It’s been said that speed kills. But in cyber warfare, speed heals. That’s because with today’s advanced cyberattacks, you need to move faster than the attackers to minimize damage.
Here’s an example. Remember the 2014 attack on Home Depot? It resulted in hackers stealing credit card information from an estimated 50 million customers. But what if it was possible to intervene during that attack and limit those losses to just 500 cards? Or even 50 cards?
Achieving Acceptable Losses in Cyber Warfare
This is the concept of acceptable loss, which means accepting the fact that you can’t stop every threat. Of course, no one wants to suffer losses. But sometimes the optimal outcome is not stopping threats completely, it’s ensuring that the damage is minimal.
The fact is, intruders will get into your environment. But once they’re in, with the right cybersecurity solutions you can stop them in place before they inflict too much damage. So, how is this achieved?
Let’s start by examining today’s cyber security landscape. Research from Ponemon Institute shows that, on average, it takes 206 days before a cyber intrusion is detected. Why is that? Because most regulatory compliance mandates require password changes every 90 days.
But if you’re changing your passwords every 90 days and somebody breaks in on day one, how long will they have access to your environment with that credential? At least 90 days – and that’s assuming you really do change your credentials after 90 days. If you can’t detect them, and you’re not changing all your credentials, they’ll be in there for 90 days or 206 days … or maybe even longer.
Now suppose instead that password lifetimes were measured in, for example, one day instead of months. Then, imagine that someone breaks in and steals one of your credentials. Or one of your IT administrators with privileged access leaves the organization. Under this scenario, at the end of a 24-hour cycle they can no longer get into your environment with those credentials.
Rapid, Automated Password Rotation is Key
To accomplish this, you must be able to automate the lifecycle of privileged identities for administrative access. Many of today’s most advanced cyberattacks are automated. You need to counter these attacks with automated security. That means throwing out the traditional concept of having people changing privileged passwords and automate the lifecycle of privileged credential management from beginning to end.
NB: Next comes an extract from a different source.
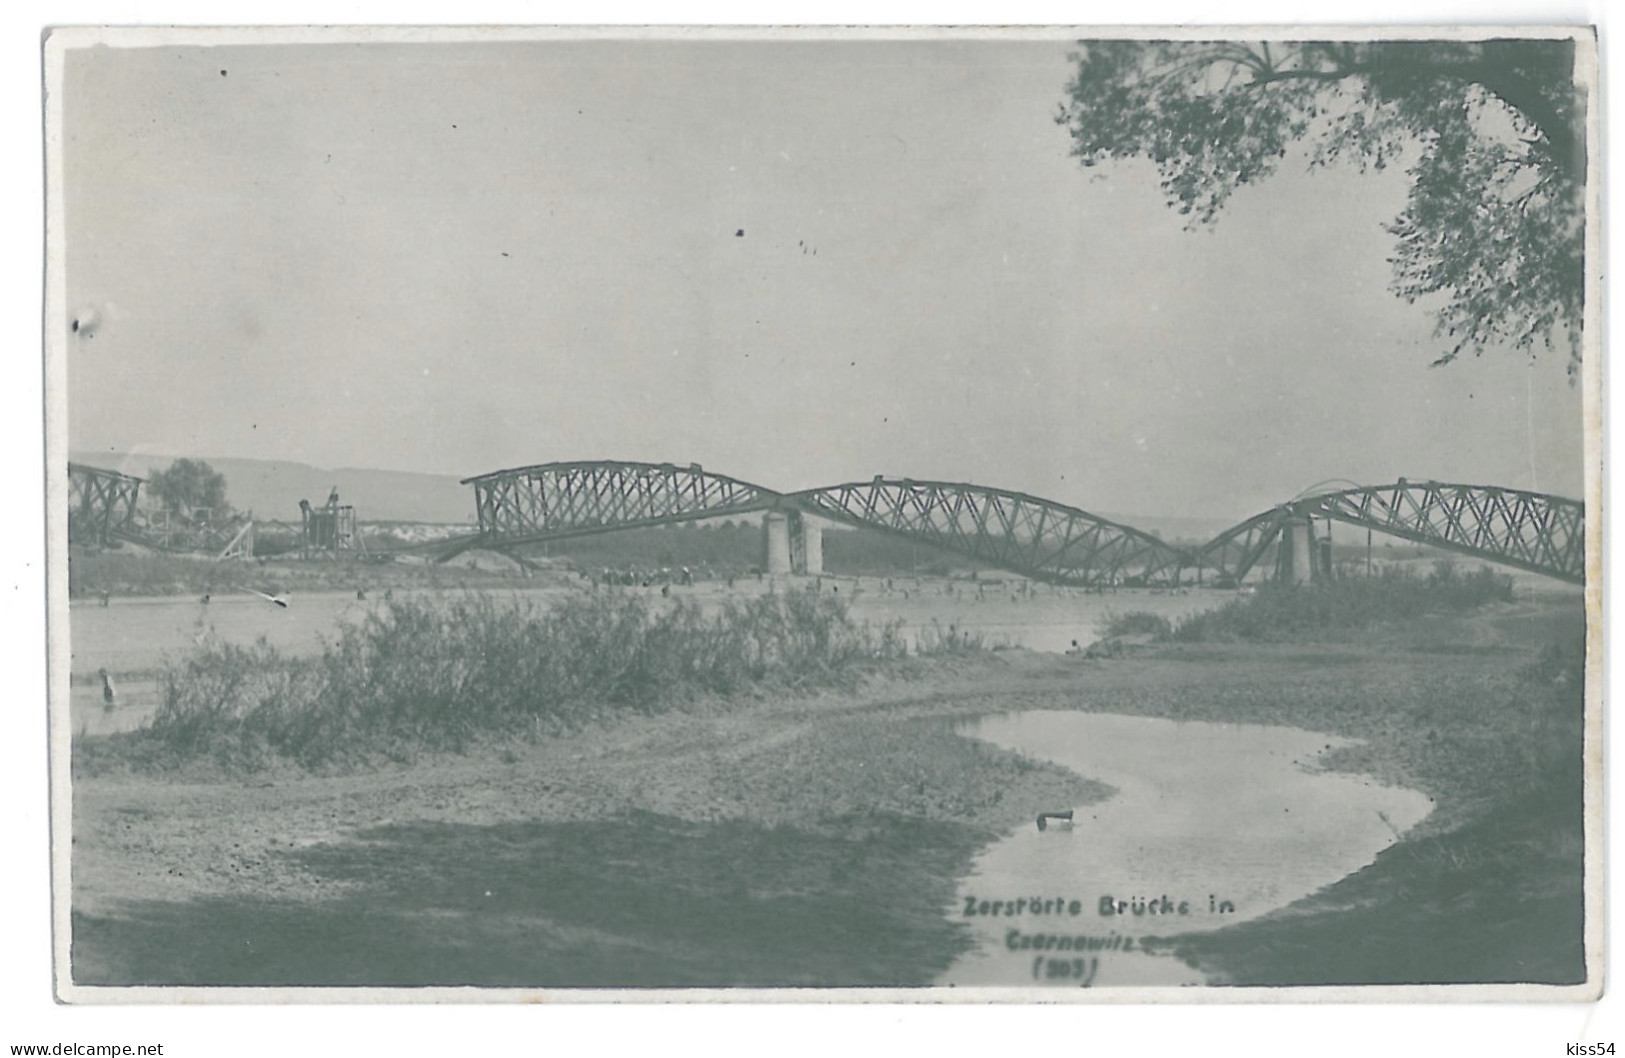 UK 60 - 15328 CZERNOWICZ, Bridge Destroyded, Ukraine - Old Postcard, Real PHOTO - Unused - Oekraïne

Automated, continuous password changes can be the best friend for IT shops, because IT no longer must engage in the time-consuming (and impractical) task of finding, tracking and changing passwords for administrative accounts. Instead, credentials are continuously updated in an automated manner behind the scenes.
This concept stops cyberattacks in their tracks. Think about what usually happens. Someone breaks into an environment, steals a credential, and sets up shop. What if that attacker came back just one day later, all the passwords were updated, and he no longer had access? At that point he isn’t the attacker anymore. Now you’re analyzing his attack and he’s the one being hunted.
So how fast do these automated password updates need to happen? Consider this. Just one node of our privileged remote access management technology can handle about 2,000 machines per minute.
And that speed keeps our customers one step ahead of the attackers.